AE 05: Multiple linear regression

Houses in Levittown

Published

September 21, 2022

Important

Go to the course GitHub organization and locate your ae-05- to get started.

The AE is due on GitHub by Saturday, September 24 at 11:59pm.

library(tidyverse)
library(tidymodels)
library(knitr)
library(GGally)

The data set contains the sales price and characteristics of 85 homes in Levittown, NY that sold between June 2010 and May 2011. Levittown was built right after WWII and was the first planned suburban community built using mass production techniques.

levittown <- read_csv("data/homeprices.csv")

The variables used in this analysis are

The goal of the analysis is to use the characteristics of a house to understand variability in the sales price.

Exploratory data analysis

ggpairs(levittown) +
  theme(
    axis.text.y = element_text(size = 10),
    axis.text.x = element_text(angle = 45, size = 10),
    strip.text.y = element_text(angle = 0, hjust = 0)
    )

Linear model

Fit a linear model of housing prices versus the house characteristics in Levittown. Neatly display model using 3 digits.

# fit model 

# display model with 3 digits 

Interpretation

  • Interpret the coefficient of bedrooms in the context of the data.

  • The intercept is the estimated sales price for what subset of houses? Be specific.

Prediction

What is the predicted sale price for a house in Levittown, NY with 4 bedrooms, 2 bathrooms, 1,000 square feet of living area, 6,000 square foot lot size, built in 1947 with $7,403 in property taxes?
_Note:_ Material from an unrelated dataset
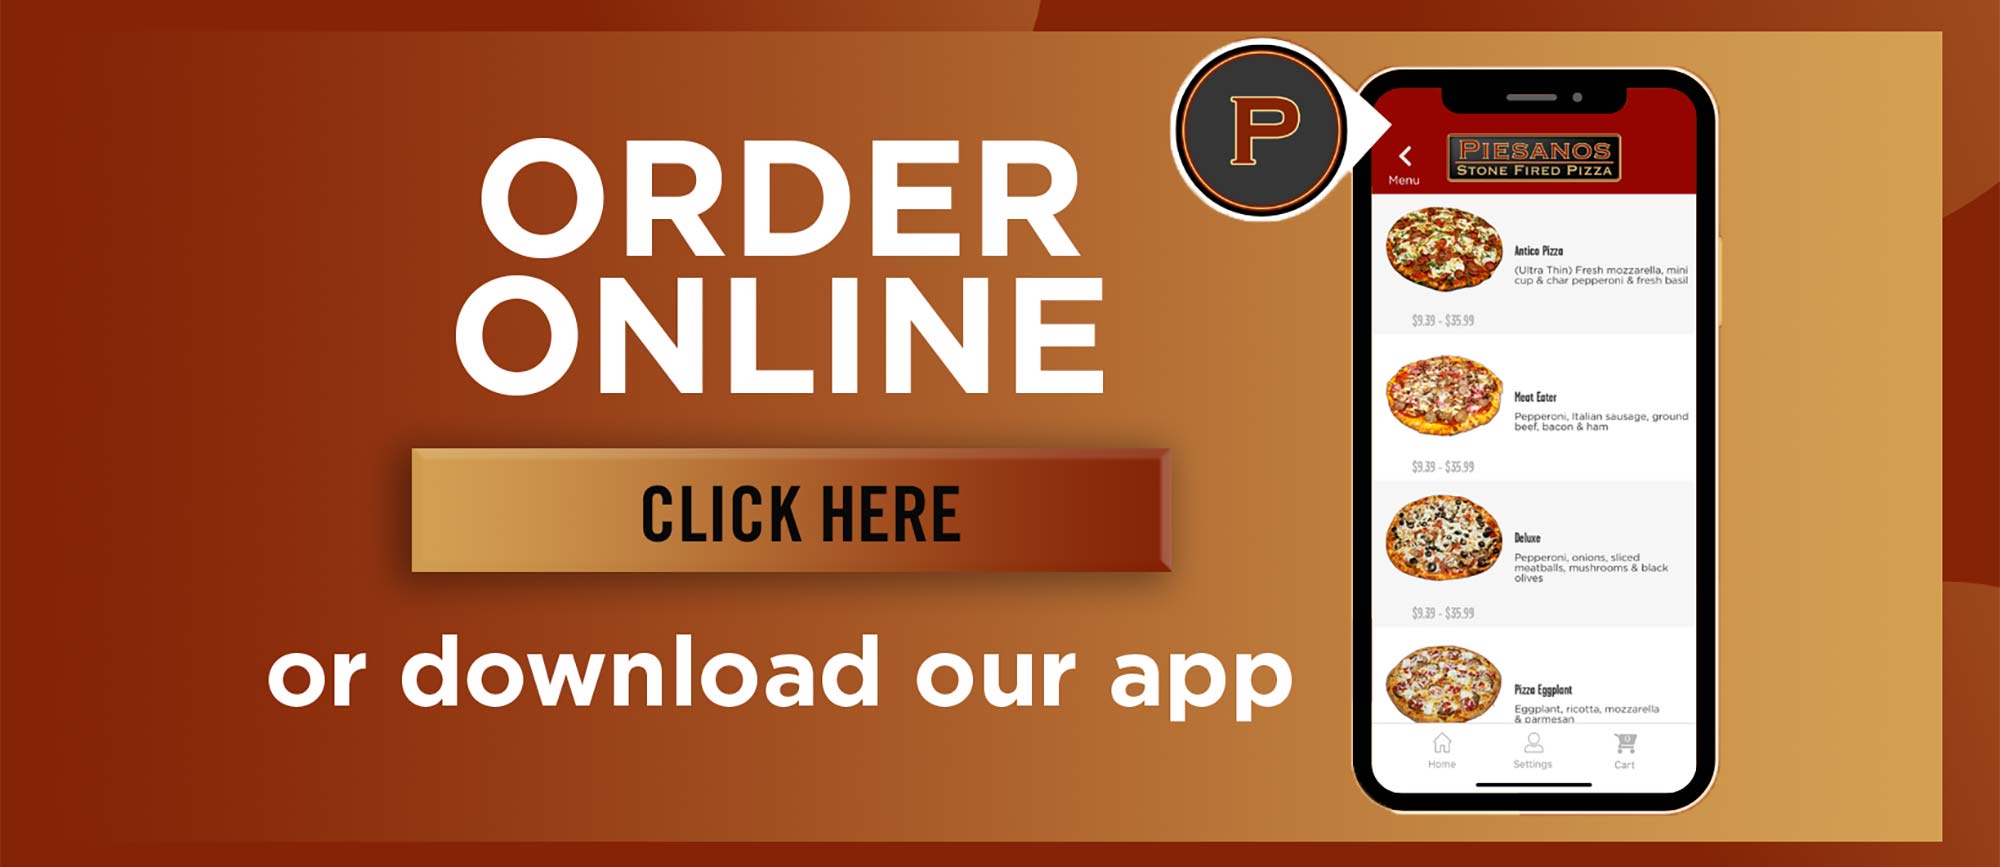 Download our app to make ordering even easier and get special discounts!

  • Report the predicted value and appropriate interval.
# create tibble for new observation 

# prediction + interval
  • Interpret the interval in the context of the data.
Important

To submit the AE:

  • Render the document to produce the PDF with all of your work from today’s class.
  • Push all your work to your ae-05- repo on GitHub. (You do not submit AEs on Gradescope).